Positions for new documents can also be estimated.  Here we generate
predictions and confidence intervals for existing documents D4 and D5
in the original data set
```{r}
predict(wf, newdata=getdocs(dd$Y, c(4,5)), se.fit=TRUE, interval='conf')
```

# Scaling with Wordscores

Wordscores (Laver et al. 2003) is a method for scaling texts closely
related to both correspondence analysis by implementing an incomplete
reciprocal averaging algorithm, and to quadratic ordination as an
approximation to an unfolding model (Lowe 2008, 2014).

Austin refers to the algorithm described in Laver et al. 2003 as
`classic' Wordscores to distinguish it from versions closer to
correspondence analysis.  A classic Wordscores analysis has several
distinguishing features.

## Classic Wordscores

Classic Wordscores estimates scores for words ('wordscores`) using
only word frequency information from documents with known positions
('reference' documents).  There is therefore no iterative estimation
process since document positions are observed.  Documents with unknown
positions ('virgin' documents) are treated as out of sample.

Positions for out of sample documents are estimated by averaging the scores of
the words they contain and re-scaling in an ad-hoc fashion that has
generated some discussion and various alternatives.  The method also offers
standard errors for the out of sample documents (These are
  probably incorrect -- partly because the probability model from they
  would have to be derived is unclear and partly because they can be 
  quite implausible in some applications).

To replicate the example analysis in Laver et al. we begin loading
the test data
```{r}
data(lbg)
```
So we take a look at the word counts we've got to work with
```{r}
as.docword(lbg)
```
and then fit a classic Wordscores model to them.  Assume we know the
positions of document R1 through R5 and wish to scale V1.  

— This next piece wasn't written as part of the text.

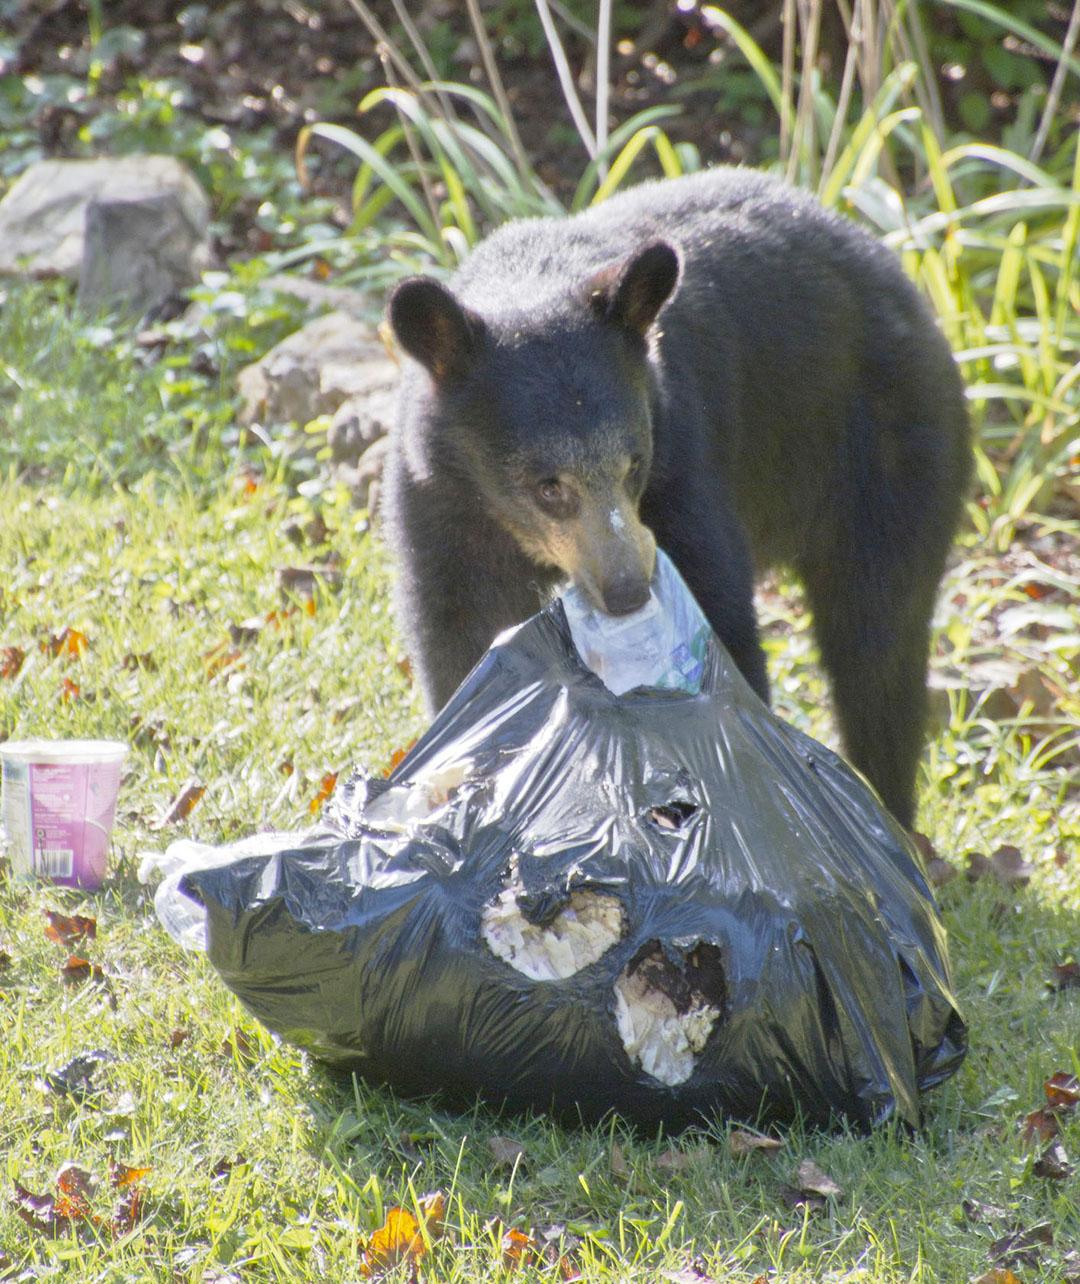 bear ripping into trash bag (photo)

We first separate the reference documents from the virgin document:
```{r}
ref <- getdocs(lbg, 1:5)
vir <- getdocs(lbg, 'V1') 
```
then fit the model using the reference documents
```{r}
ws <- classic.wordscores(ref, scores=seq(-1.5, 1.5, by=0.75))
```
We can summarise the results
```{r}
summary(ws)
```
The summary presents details about the reference documents.  If we want to see the 
wordscores that were generated we look for the model's coefficients
```{r}
coef(ws)
```
which can also be plotted.

We can now get a position for the virgin document
```{r}
predict(ws, newdata=vir)
```
When more than one document is to be predicted, an ad-hoc procedure 
is applied by default to the predicted positions to rescale them to the same
variance as the reference scores.  This may or may not be what you want.

## Correspondence Analysis

Wordscores approximates correspondence analysis, which is defined for
more than one dimension.  To explore this approach to document scaling
you may find the `ca` or `anacor` packages useful.  A rather limited subset of correspondence analysis is implemented by the MASS package's `corresp` function.  

# References

Laver, Michael, and John Garry. 2000. “Estimating Policy Positions from Political Texts.” American Journal of Political Science 44(3): 619–34.

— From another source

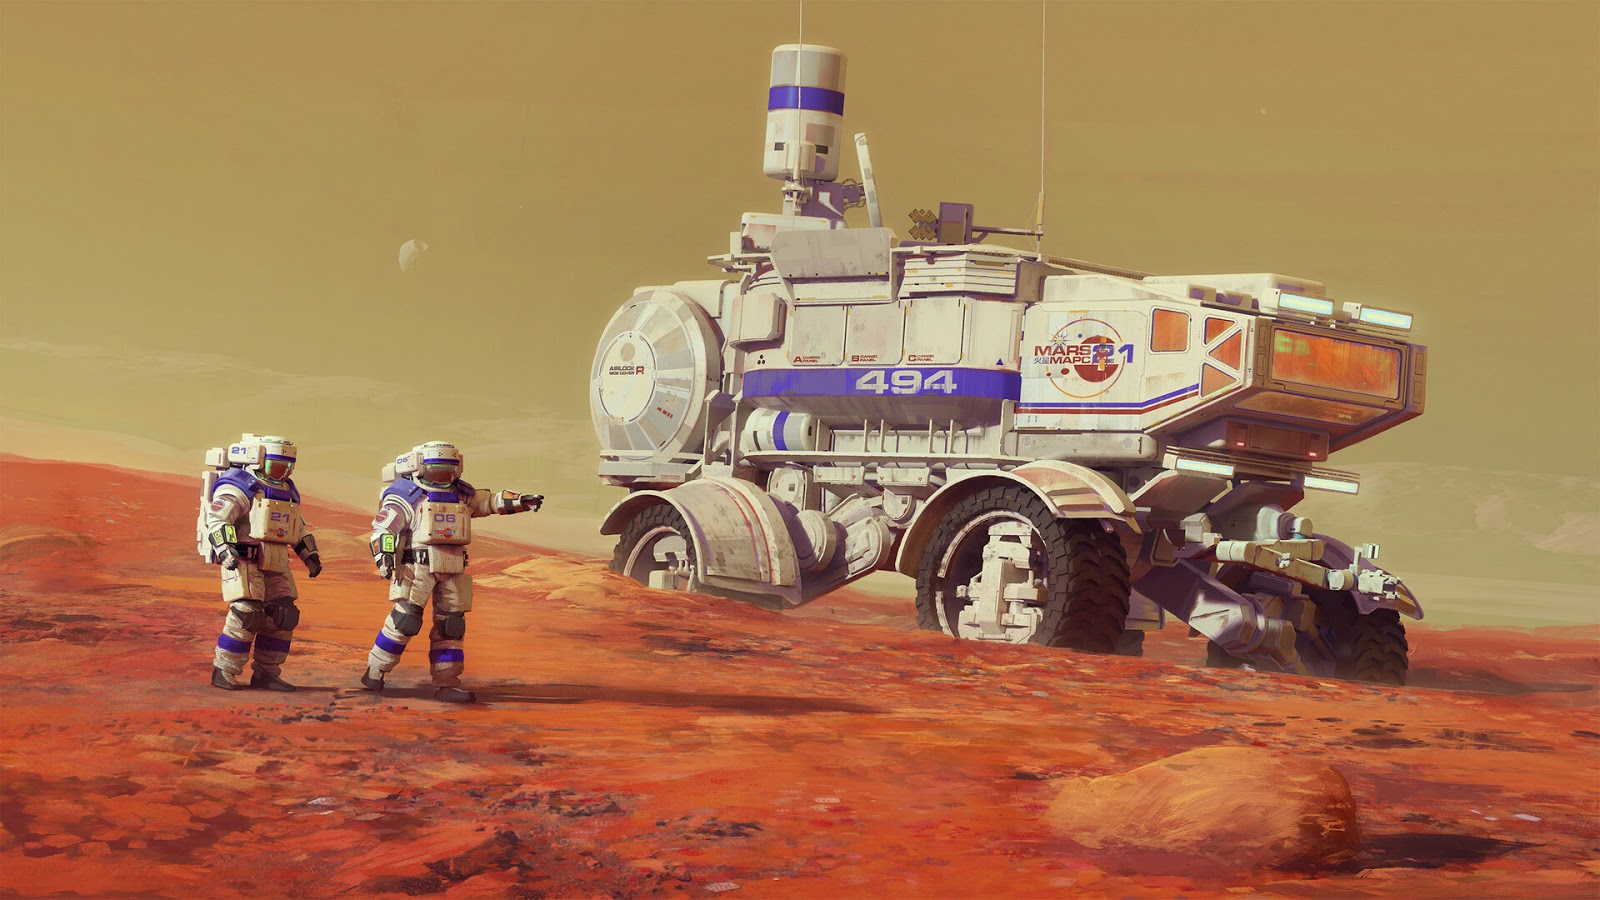 Illustration of mars exploration

Lowe, Will. 2008. “Understanding Wordscores.” Political Analysis 16(4): 356–71.

Lowe, Will. 2013. “There’s (basically) Only One Way to Do It.” Paper presented at APSA 2013, Chicago IL. Available at [SSRN](http://papers.ssrn.com/sol3/papers.cfm?abstract_id=2318543).

Monroe, Burt L., and Ko Maeda. 2004. “Talk’s Cheap: Text-Based Estimation of Rhetorical Ideal-Points.”

Moustaki, Irini, and Martin Knott. 2000. “Generalized Latent Trait Models.” Psychometrika 65(3): 391–411.

Slapin, Jonathan B., and Sven-Oliver Proksch. 2008. “A Scaling Model for Estimating Time-Series Party Positions from Texts.” American Journal of Political Science 52(3): 705–22.